The demonstrated relationship between a risk genotype and impaired mesopic visual function in persons with clinically normal eyes is important because visual function may be responsive to appropriate environmental manipulation such as changing diet and lifestyle.⁴⁴ Persons with ARM risk genotypes who smoke or have a poor diet have an approximate doubling of the risk of ARM progression, compared with those who are gene positive but do not have such environmental exposures.⁴⁵ Moreover, late stages of ARM may be preventable because recent studies indicate that a healthy lifestyle including a healthy diet, physical activity, adequate vitamin D intake, and not smoking can decrease the risk for developing intermediate age-related macular degeneration by about twofold.⁴⁶ These findings support our approach that the application of sensitive tests as biomarkers for the early detection and appropriate monitoring of disease is vital because risk is modifiable.
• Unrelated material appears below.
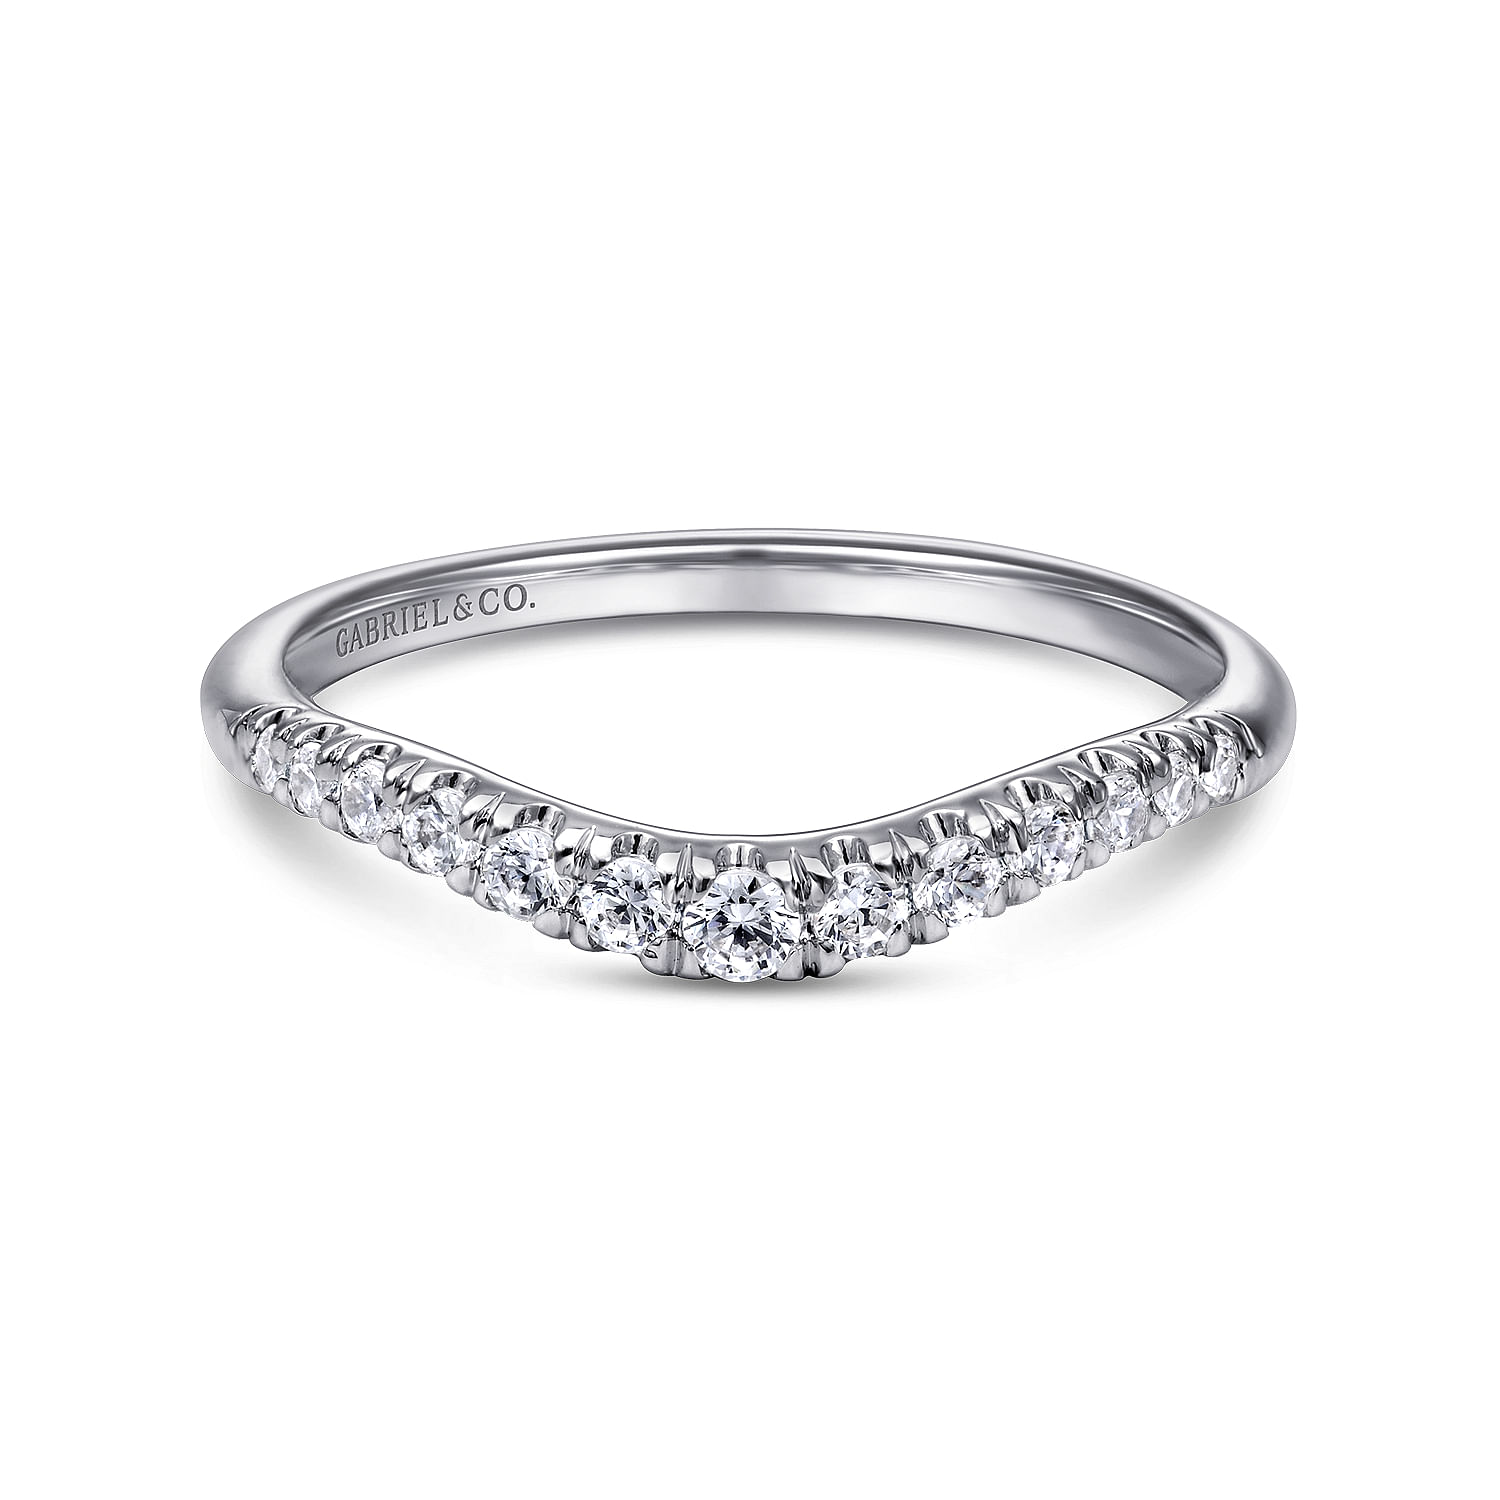 Annecy - Curved 14K White Gold French Pave Diamond Wedding Band

Monitoring visual function with a quantitative test will further enable the evaluation of the effect of lifestyle changes on a person's health (such as change in a person's environmental exposures) and reduce the economic costs associated with the most common cause of blindness in the western world. The study findings may have future applications in the verification of subclinical ARM without genetic assessment.
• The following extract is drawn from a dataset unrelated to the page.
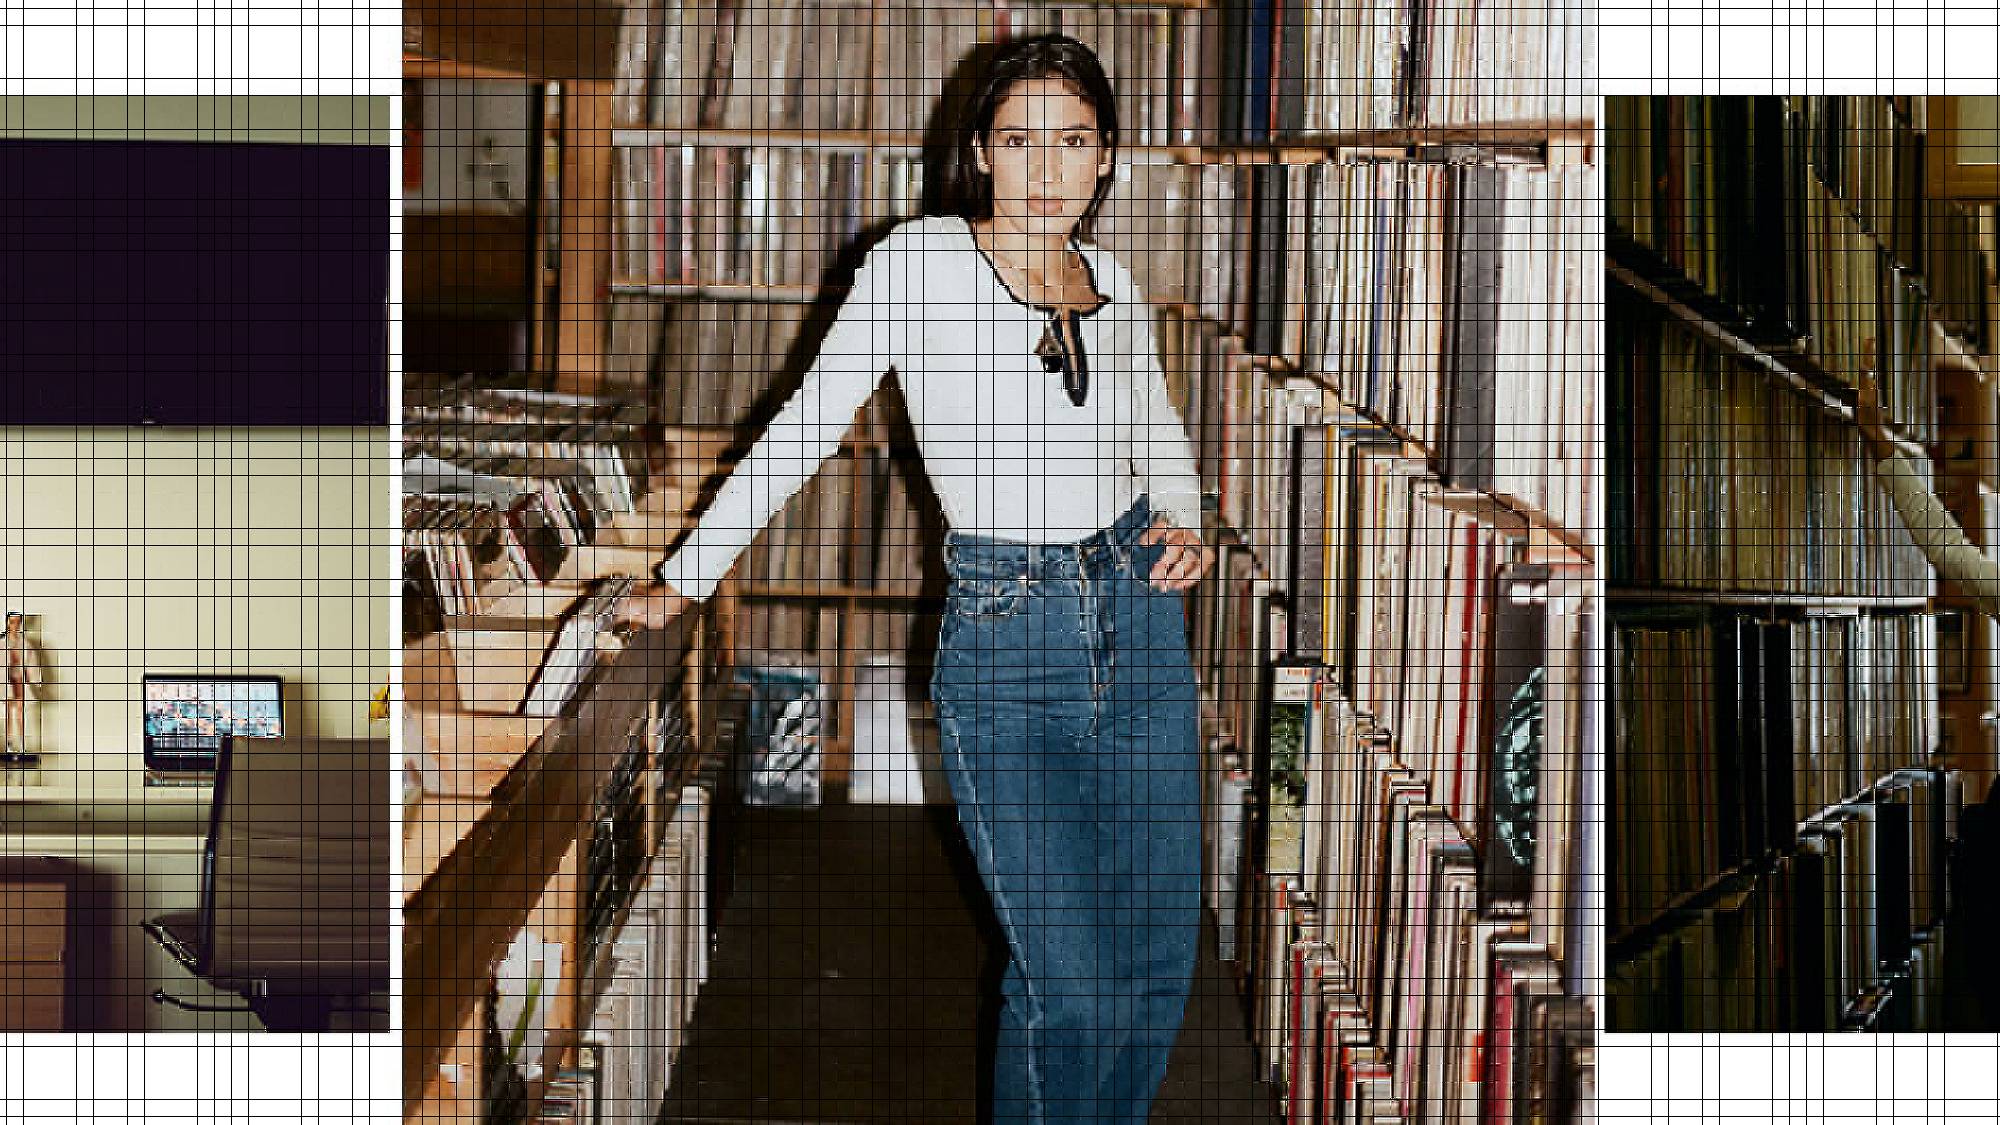 Portraits of ABIR in a record store.

Assessing mesopic vision as a biomarker of subclinical ARM may have potential significant implications in determining the pathomechanisms of the subtypes of neovascular ARM such as occult, classic, polypoidal choroidal vasculopathy, or retinal angiomatous proliferations that are poorly understood. It has been demonstrated that different gene variants promote subtypes of ARM.^47,48 Further longitudinal clinical investigation is required to study persons with significantly reduced mesopic vision and gene-positive carrier status to determine whether visual function deteriorates faster than those in the low-risk (gene-negative) group and to understand the relationship between genotype and phenotype by quantitatively measuring visual function related to genotypes to determine progression to ARM.